Forex and Bitcoin news for Asia trading Thursday 18 October 2018
- Chinese yuan weakens further, to its lowest since January of 2017
- Japan trade data recap - a surplus, but …
- ICYMI: Australian Q3 business confidence & conditions both fall
- PBOC sets USD/ CNY central rate at 6.9275 (vs. yesterday at 6.9103)
- More on the Australian jobs number: two headlines, a hit and a miss
- BOJ's Kuroda: BOJ will keep rates low for an extended period
- Japan September trade balance: Y +139.6bn (expected Y -45.1bn)
- Westpac on the NZD/USD - target under 0.64 by year end
- US Treasury report does not name China as a currency manipulator
- Trade ideas thread - Thursday 18 October 2018
- Director-General of the WTO says facing crisis in global trade
- EU leaders have dropped plan for Nov 17 - 18 Brexit summit … but ….
AUD was an outperformer on the session here, benefitting from a big fall in the headline unemployment rate. September unemployment dropped to 5.0% from 5.3% the previous month The details of the report (lower participation rate, and for 'trend' data the u/e was unchanged) took some of the shine off, but details schmetails.

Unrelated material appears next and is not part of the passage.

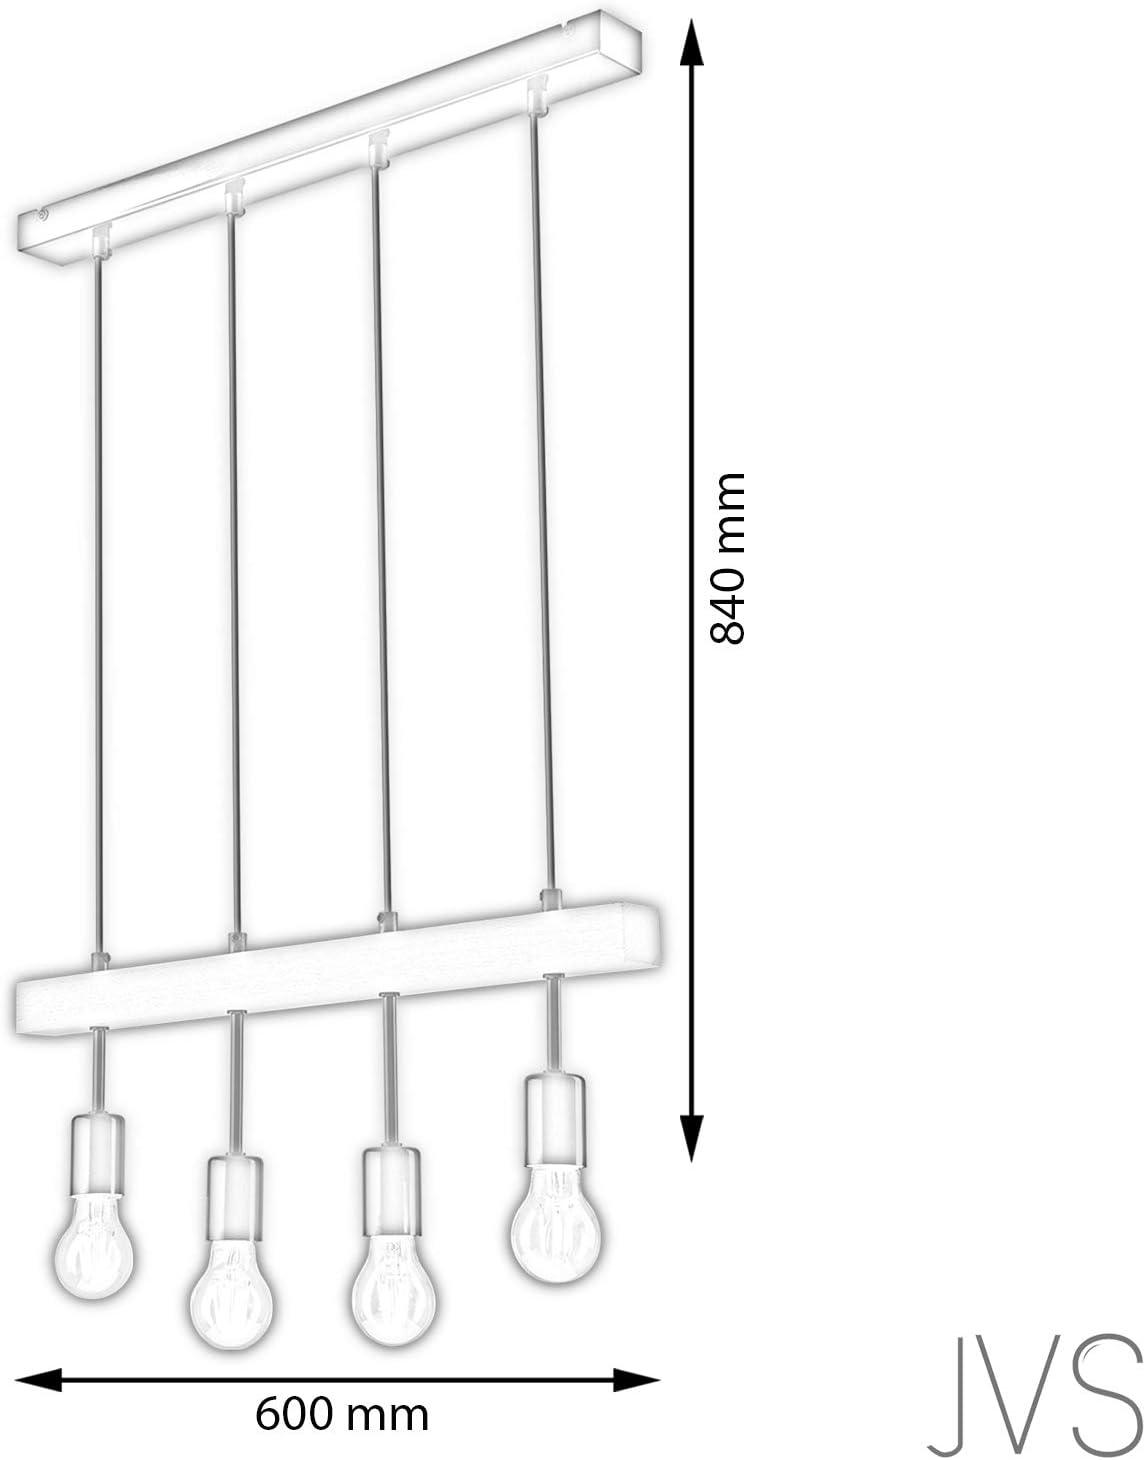 Pendel-Leuchte, Decken-Leuchte Weiss 4-Flammig, E27 Fassung, Sknadinavischer Stil, Deckenleuchte, Deckenlampe, Kronleuchter aus Stahl/Holz - ohne Leuchtmittel B-4l
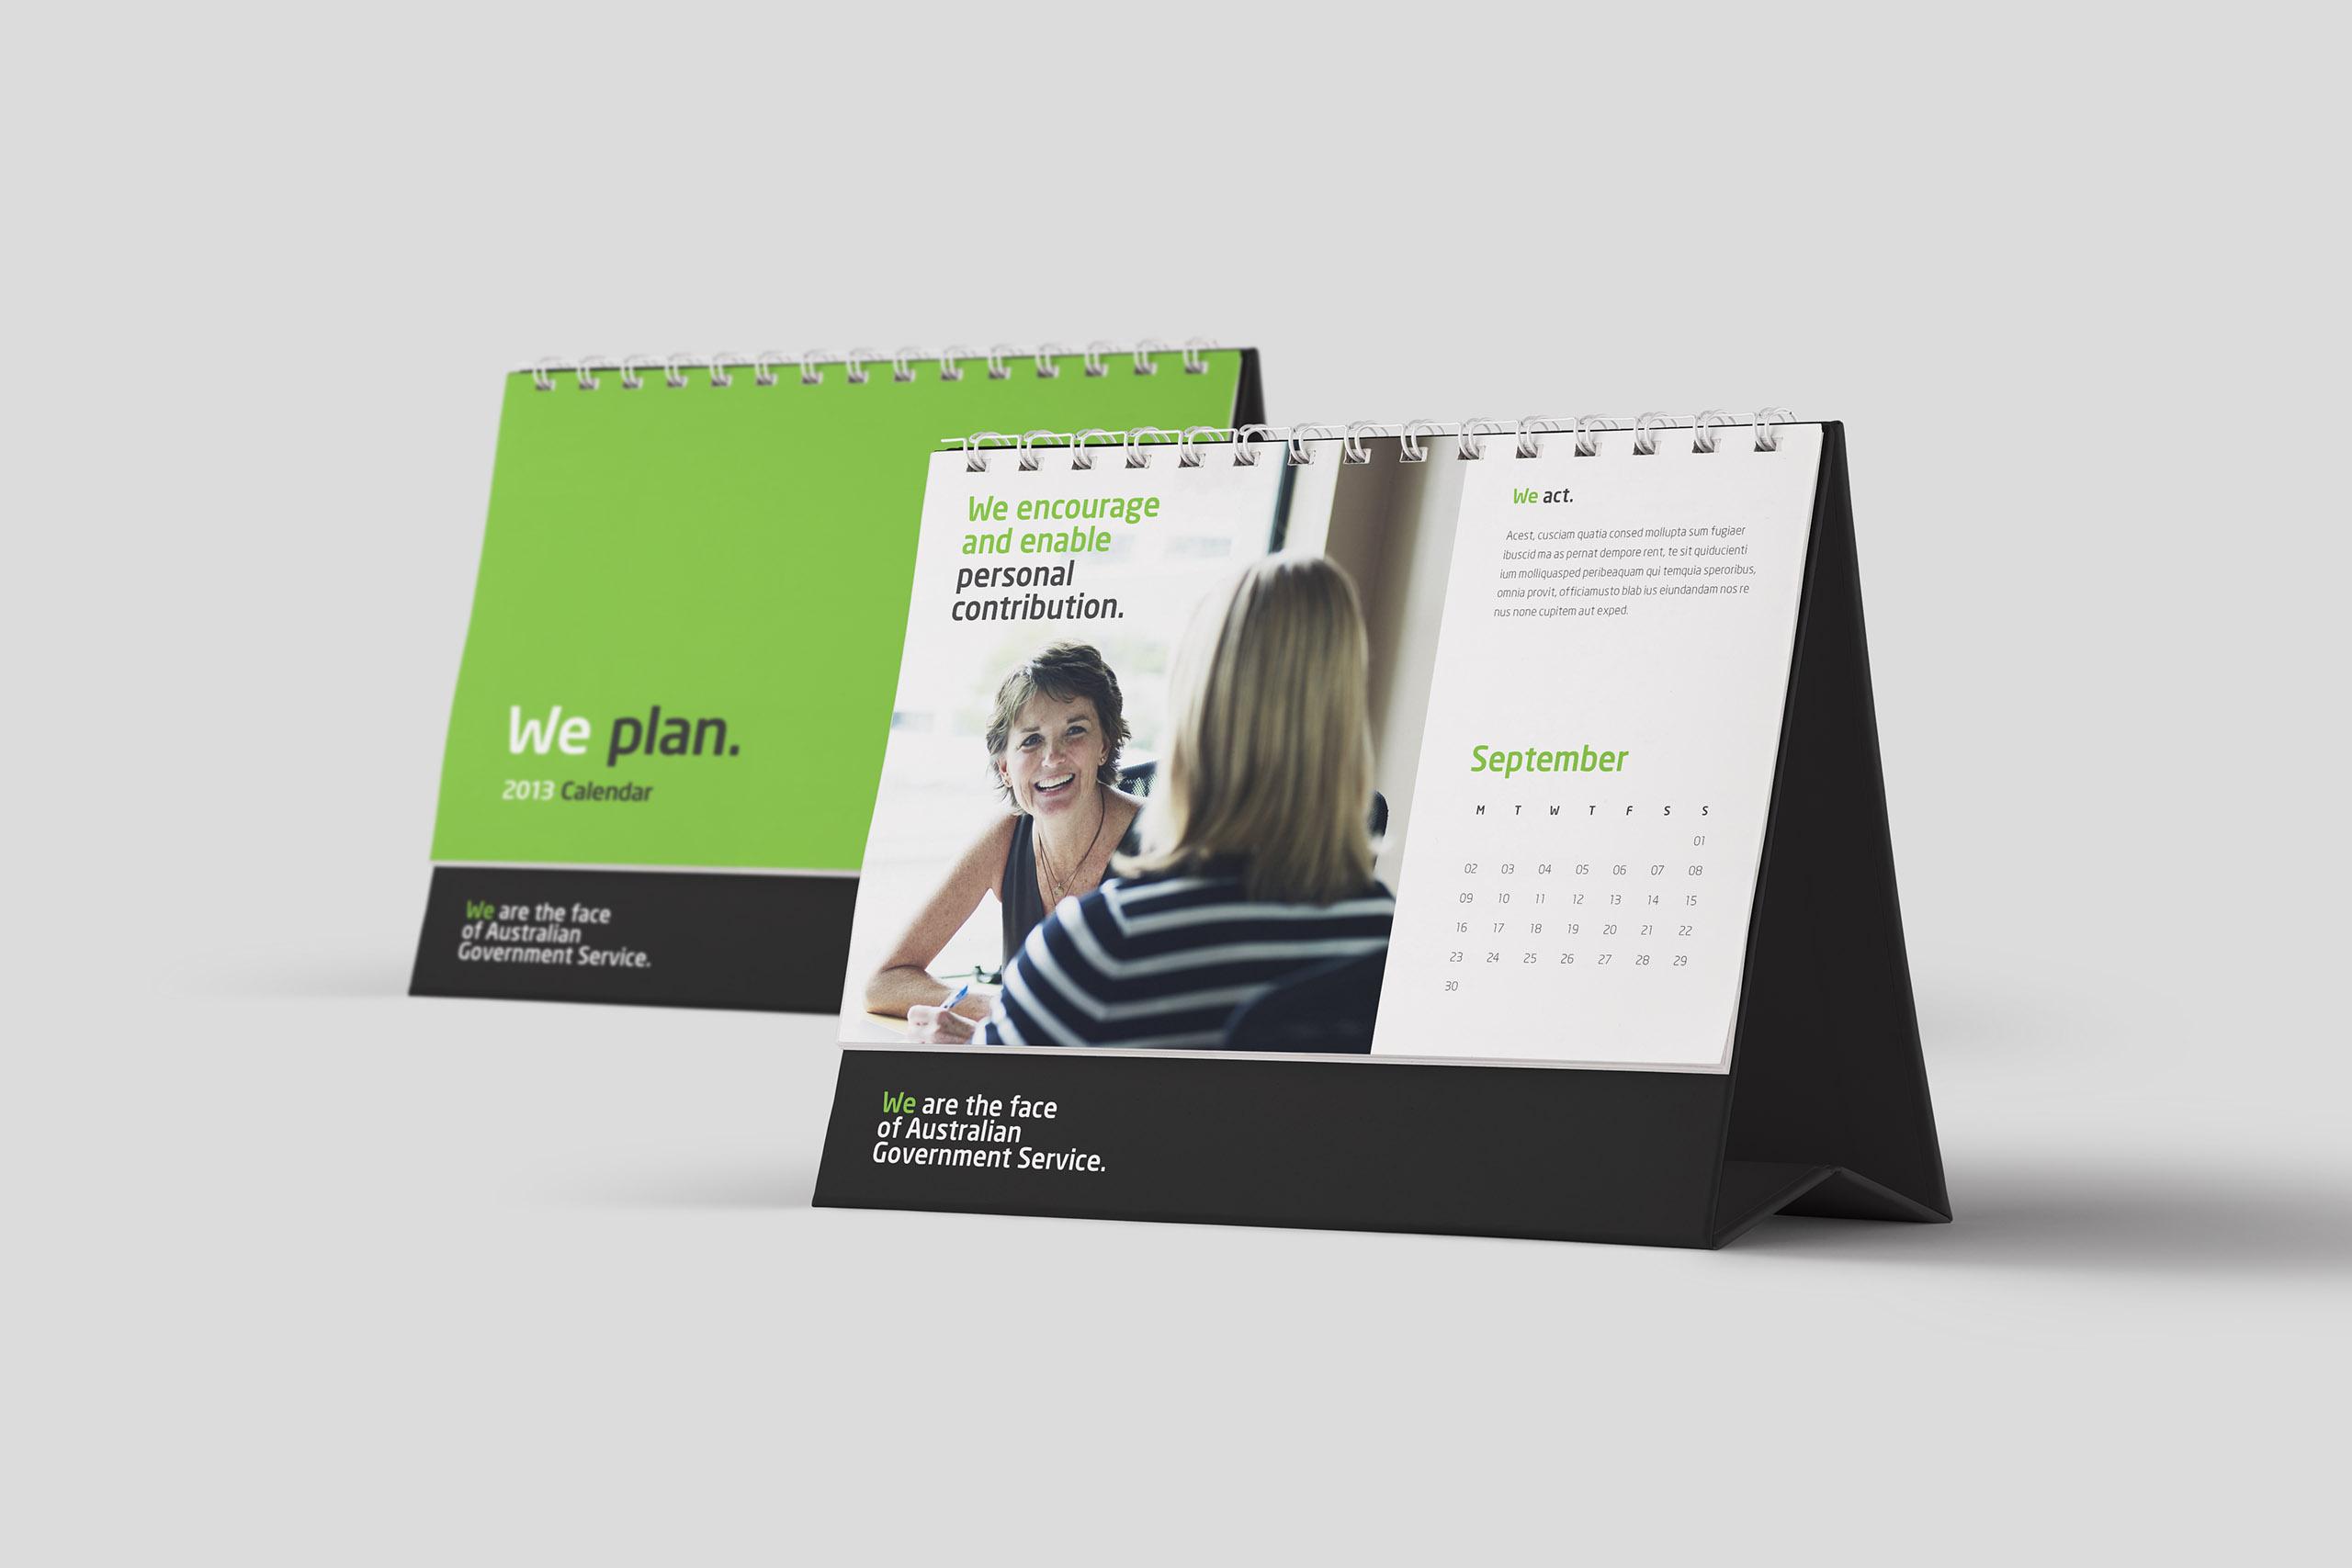 dhs-desk-calendar-2up

AUD/USD had been nestled around 0.7110 but was marked up to approach 0.7130. Its subsequently found renewed buyers under 0.7120 and is above 0.7130 on session highs as I update. Not a big range really, but not mcuh e can do about that!
USD/JPY was another mover, to above 112.70 in the Tokyo morning and back to circa 112.50 as I post. Trade balance data showed a surplus (a surprise) but the details in the figures were pretty awful, exports declined on the month (perhaps due to the sad run of natural events in Japan) for the first time in 22 months. Imports came in well under estimates also.
Elsewhere, USD/CAD gained notable, towards 1.3050 before losing steam to sideways. NZD, GBP, CHF, gold are not a lot net changed.
The yuan was a big big mover. The US Treasury report (the much awaited currency manipulator twice-yearly report) was finally released, and it declined to name any country as a currency manipulator, despite all the bluster and hot air expended by the US administration on China and the yuan. Check out the bullets above for more detail, but the net effect was they PBOC slashed the value of the onshore yuan today (I thought I heard giggling as they did but that could have been my imagination), and the CNY extended its losses into early china trade, on approach to a two year low.